Hiking trail in Pennsylvania, United States

The Slippery Rock Gorge Trail is a 6.1 mi hiking trail in western Pennsylvania, which follows Slippery Rock Creek and then Hell Run within McConnells Mill State Park. Part of the route is within Slippery Rock Gorge, which is a National Natural Landmark. It has been named one of the most challenging and scenic hiking trails in Pennsylvania.

== History and route ==
The Slippery Rock Gorge Trail was first proposed in 1990 by Pennsylvania trail care volunteers, who felt that the western part of the state needed more scenic and rugged trails. The tough topography in Slippery Rock Gorge slowed down construction efforts, and the trail was finally christened in 1994.

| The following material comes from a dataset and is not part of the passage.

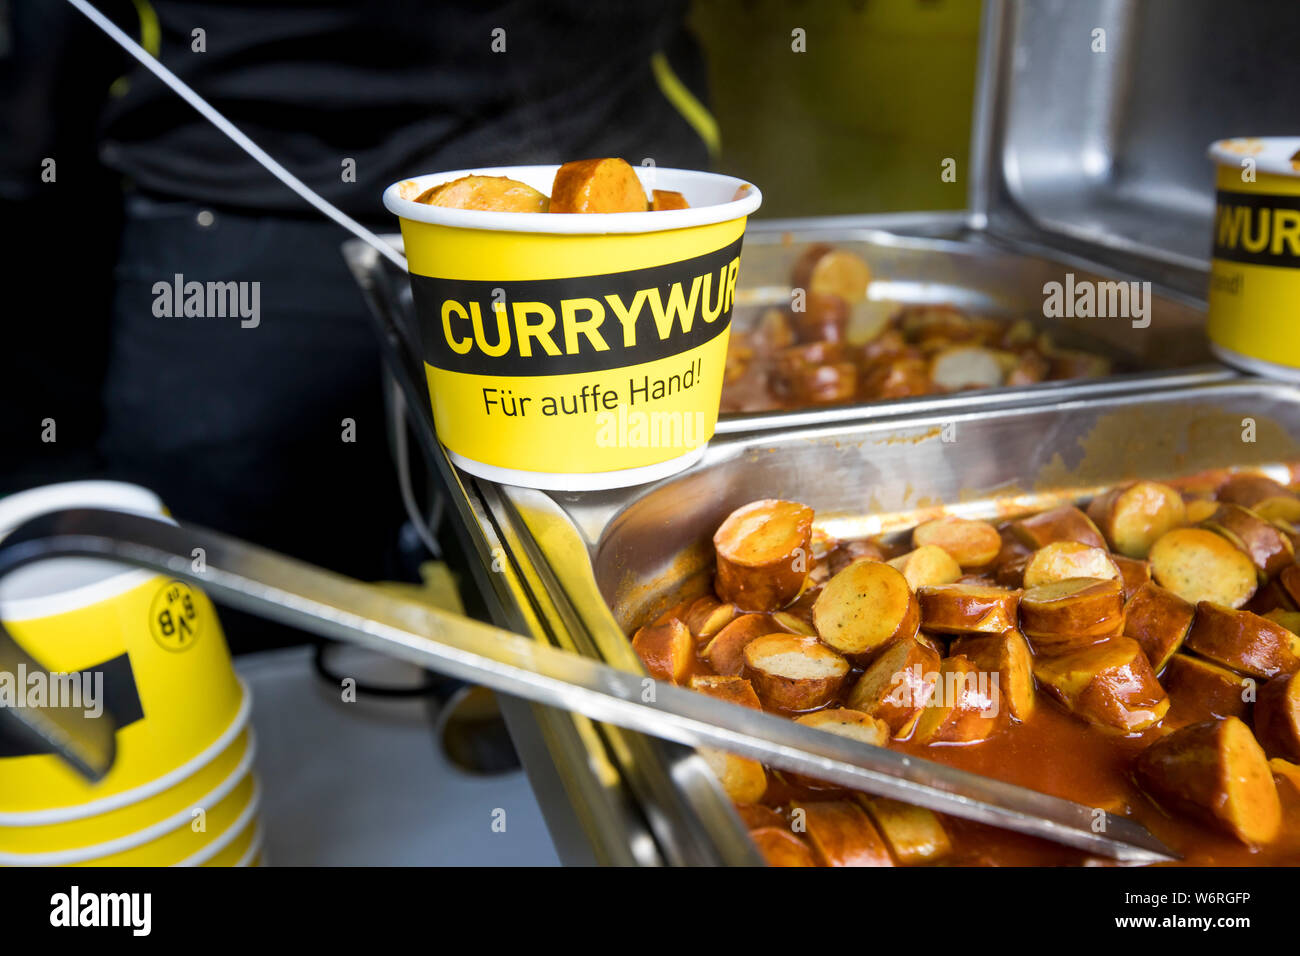 Currywurst, Stadtionwurst, at Signal-Iduna Park, BVB Borussia Dortmund, Westfalen Stadion, Stock Photo

The route is traditionally described as beginning at the Eckert and Breakneck Bridges Area off of Cheeseman Road in a fairly remote area of McConnells Mill State Park. The trail begins at Eckert Bridge, along the right bank of Slippery Rock Creek and following it downstream, to the southwest. The trail gradually rises above the creek and at 1.1 miles traverses a bench carved into a cliff. The trail then descends to the creek and rises back up several times, occasionally heading away from the creek to tackle side gorges formed by tributary streams. This area frequently experiences landslides. At 3.8 miles the trail turns sharply to the northwest and climbs up the side gorge formed by Hell Run. At 4.6 miles, the trail encounters two small natural bridges where side streams eroded under the bedrock. When the leaves are down, there is a view of Hell's Hollow Falls below the trail to the left. Near the top of the side gorge, the trail crosses Hell Run on footbridges twice, and ends at a parking lot off of Shaffer Road at the far western edge of McConnells Mill State Park.

The entire route of the Slippery Rock Gorge Trail has since been added to the North Country National Scenic Trail.